Au final, ce projet du PS fait l’effet d’un repas au Fouquet’s. On y entre avec l’appétit, on en sort avec la faim. On devait y trouver les bases d’un changement de civilisation, on constate un projet d’alternance politique.

Les fondements de la situation de l’emploi ne sont pas mis en cause. Les questions relatives au travail proprement dit, à son organisation dans l’entreprise et aux modalités d’une participation des travailleurs aux choix de développement de l’entreprise, à la forme du contrat de travail, à la rémunération des travailleurs, à leur qualification et à leur formation, et au final à l’articulation entre tous ces paramètres, ne sont pas traitées sur le fond.

Et pour cause, chaque proposition est formulée pour être compatible avec le projet Europe 2020 de la Commission européenne dont l’ambition se résume à augmenter le taux d’emploi dans chaque pays membre, ou compatible avec les injonctions du traité de Lisbonne et du Pacte pour l’Euro dont l’objectif est de limiter l’évolution de la masse salariale au taux d’accroissement de la productivité apparente du travail.

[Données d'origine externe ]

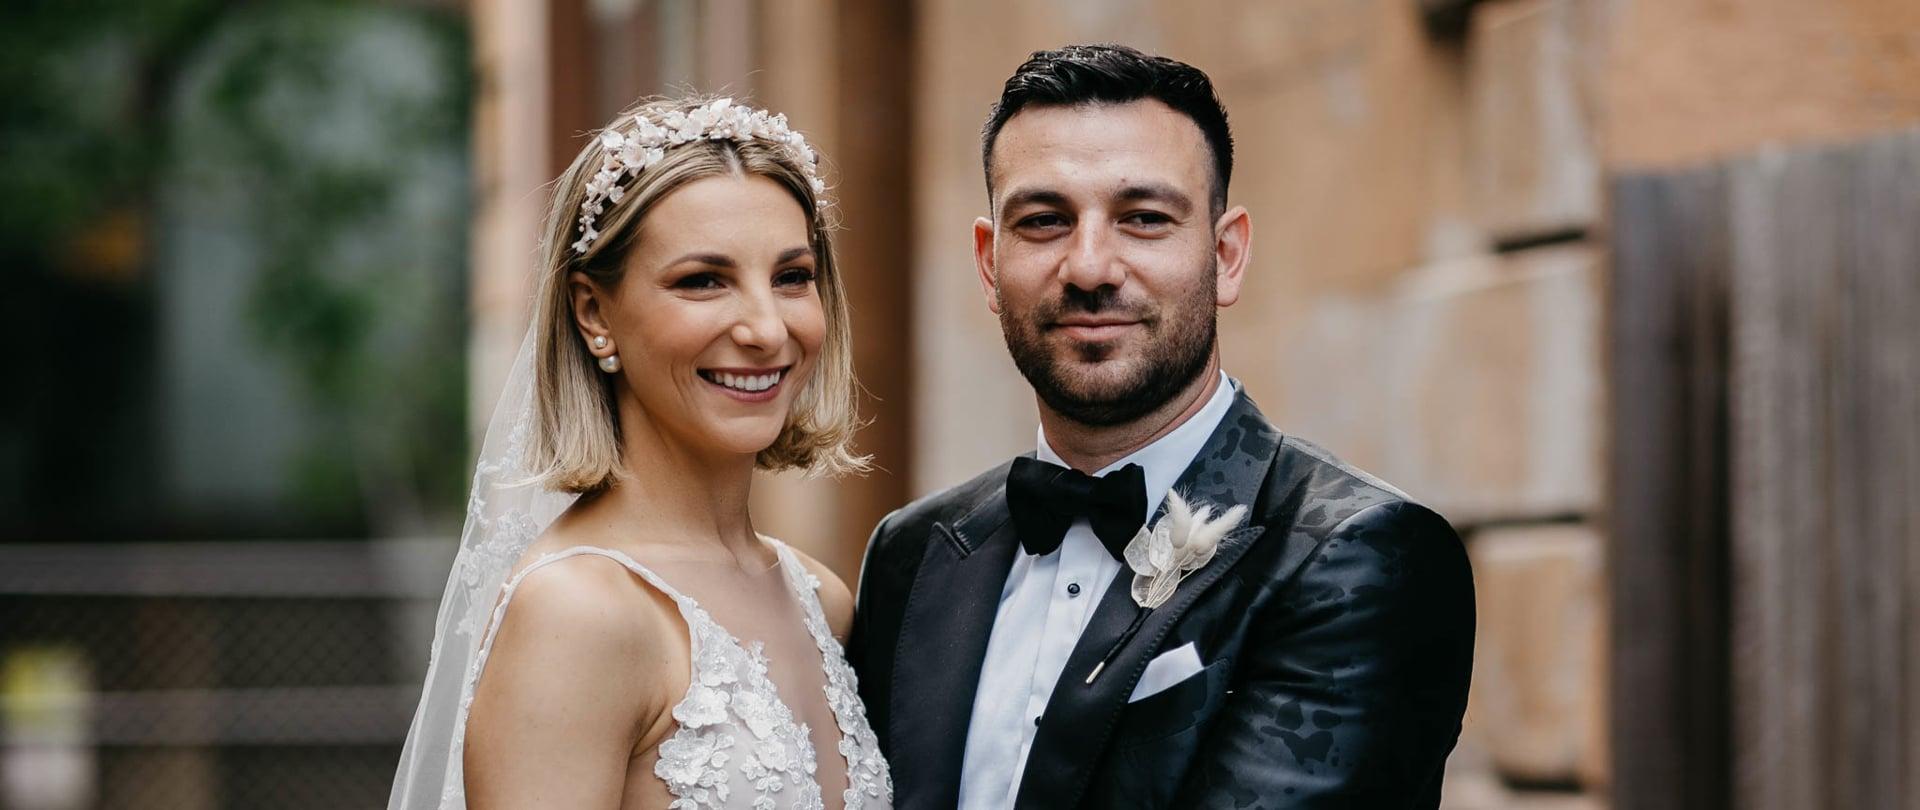 Jamie & Erin Wedding Video Filmed at Sydney, New South Wales
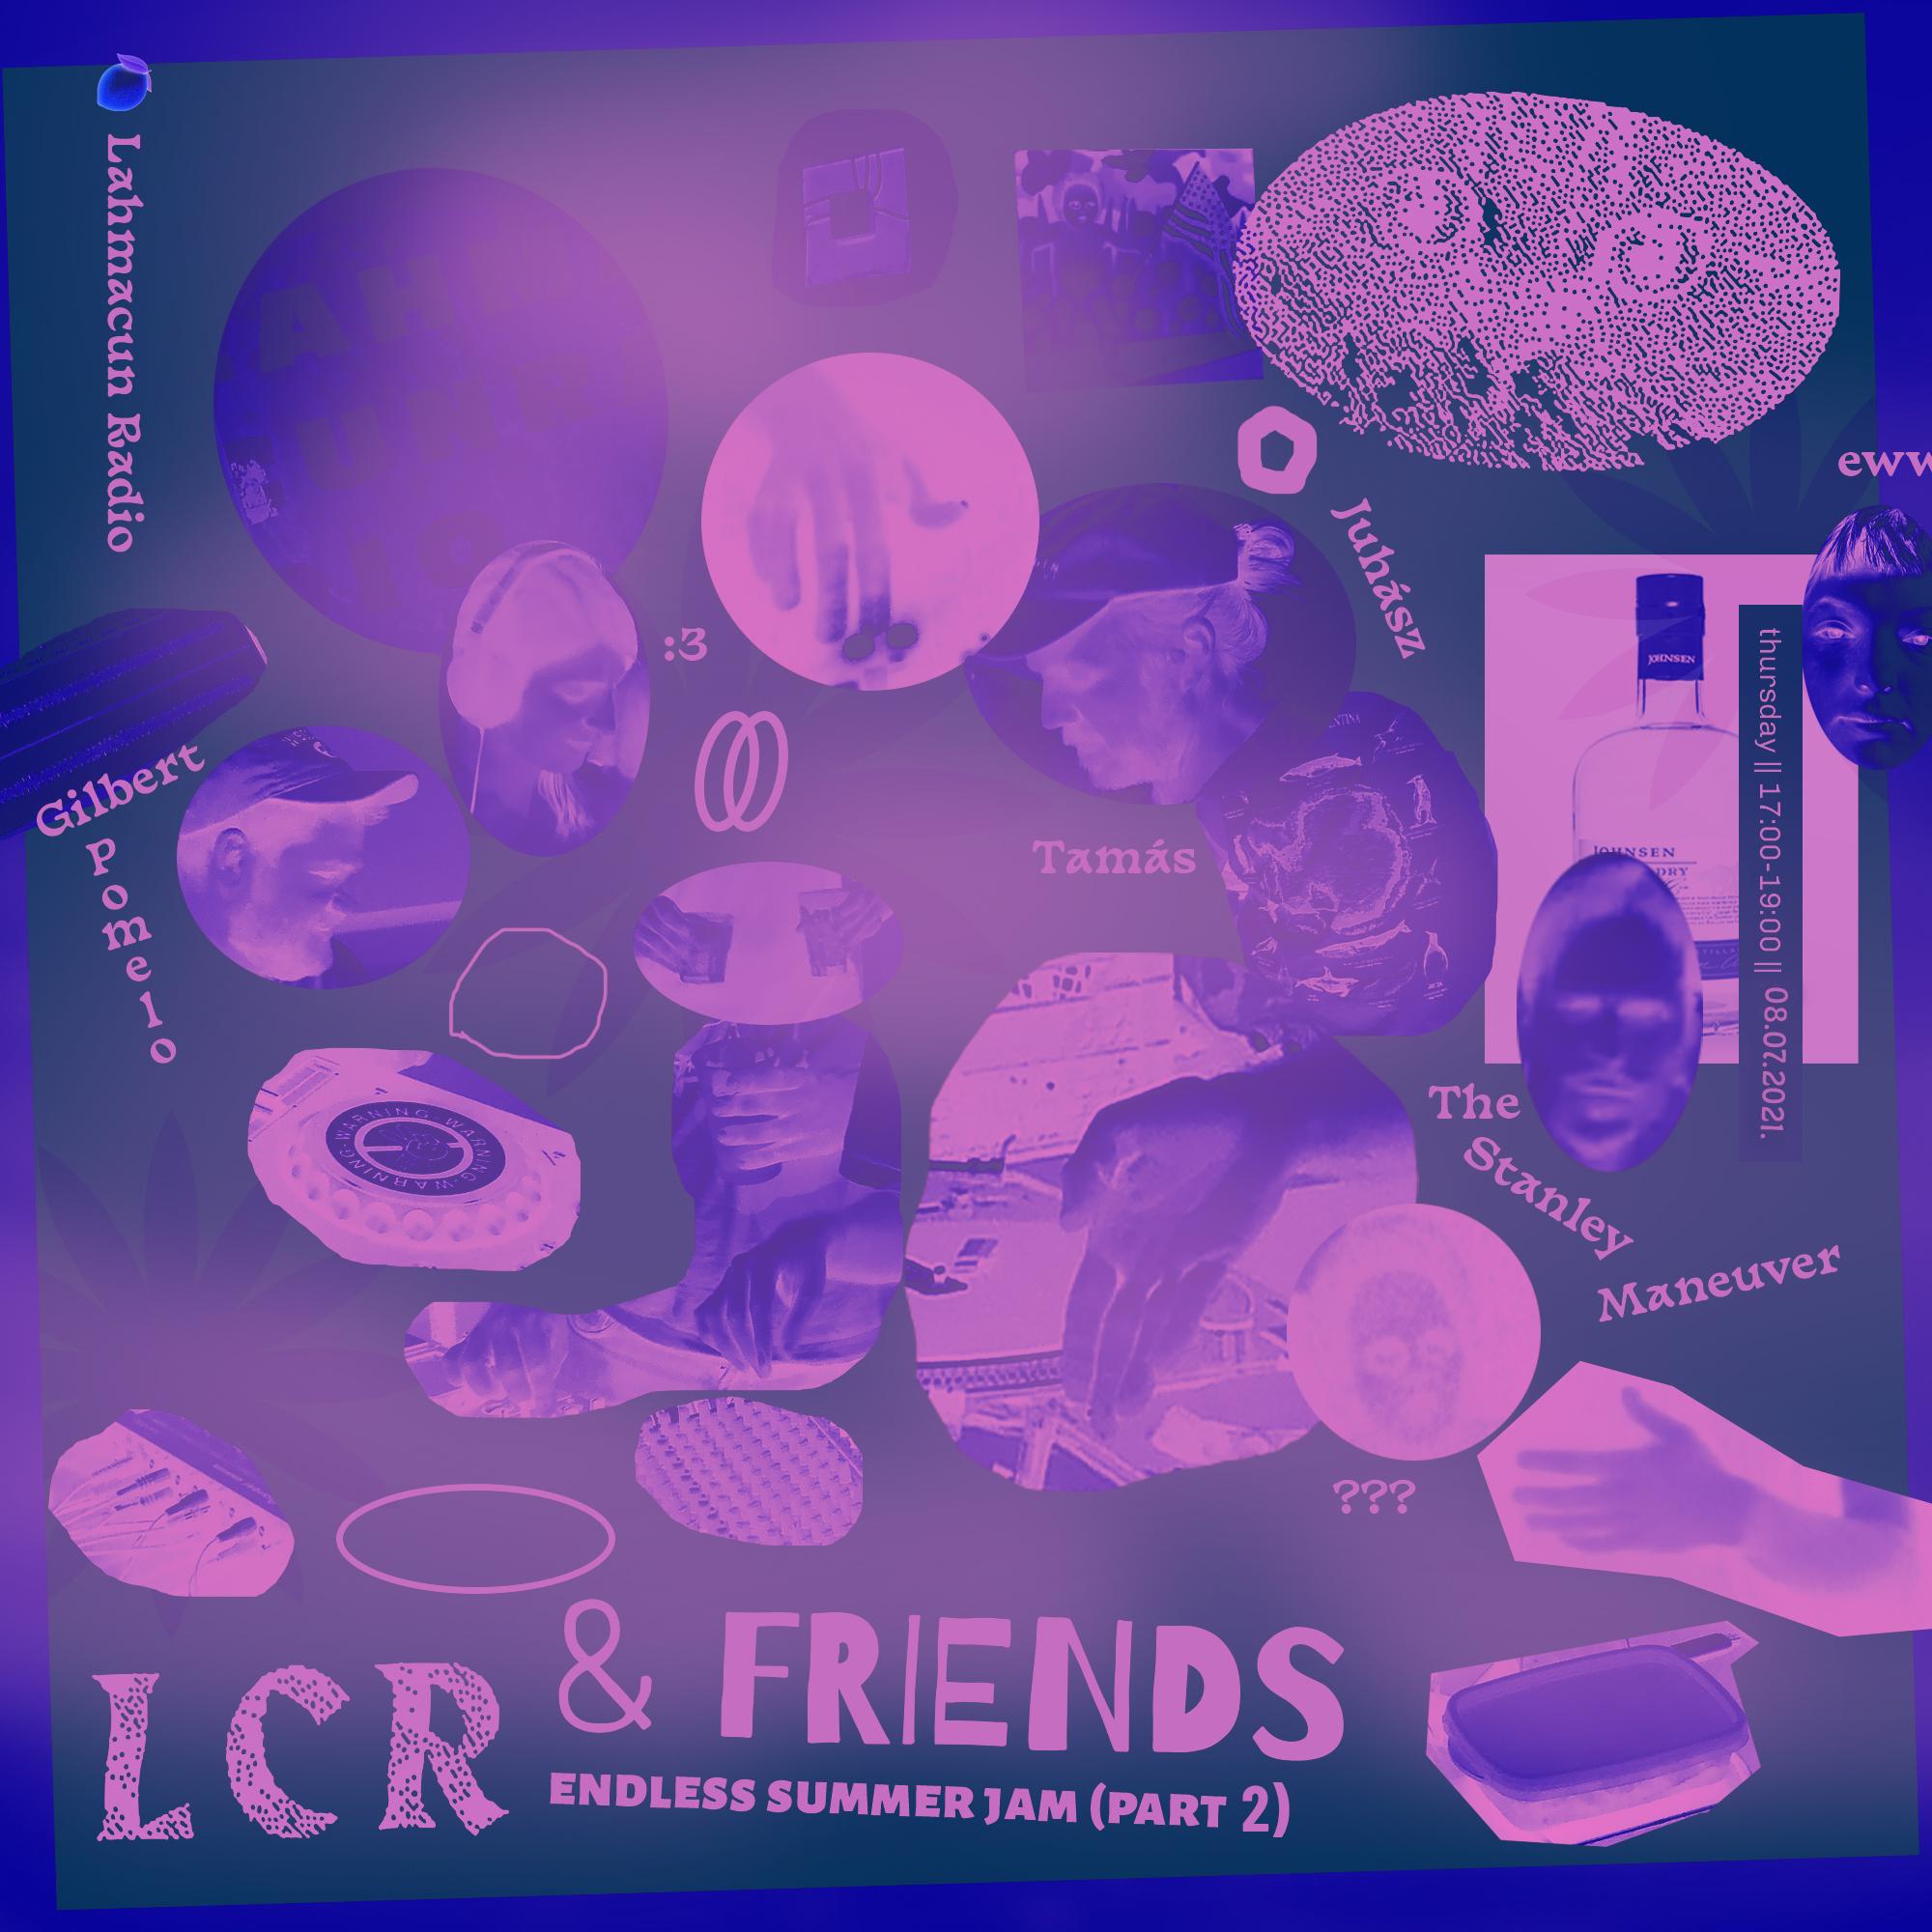 LCR & FRIENDS ~ Endless Summer Jam (Part 2) /// @ Lahmacun Radio /// [08.07.21]

Alors que monte en Europe une véritable révolte contre les politiques d’austérité imposées par l’UE, la BCE, le FMI et les marchés financiers, l’espoir d’une autre civilisation aurait consisté, en matière d’emploi, en l’élaboration des conditions d’un dépassement du marché du travail par la constitution progressive d’un système de sécurité d’emploi ou de formation. Ce dernier visant à assurer à chacune et à chacun, soit un emploi soit une formation rémunérée, pour revenir par la suite à un meilleur emploi, avec une continuité de bons revenus et droits et avec des passages d’une activité professionnelle à une autre, des rotations emploi/formation, maîtrisées par les intéressés.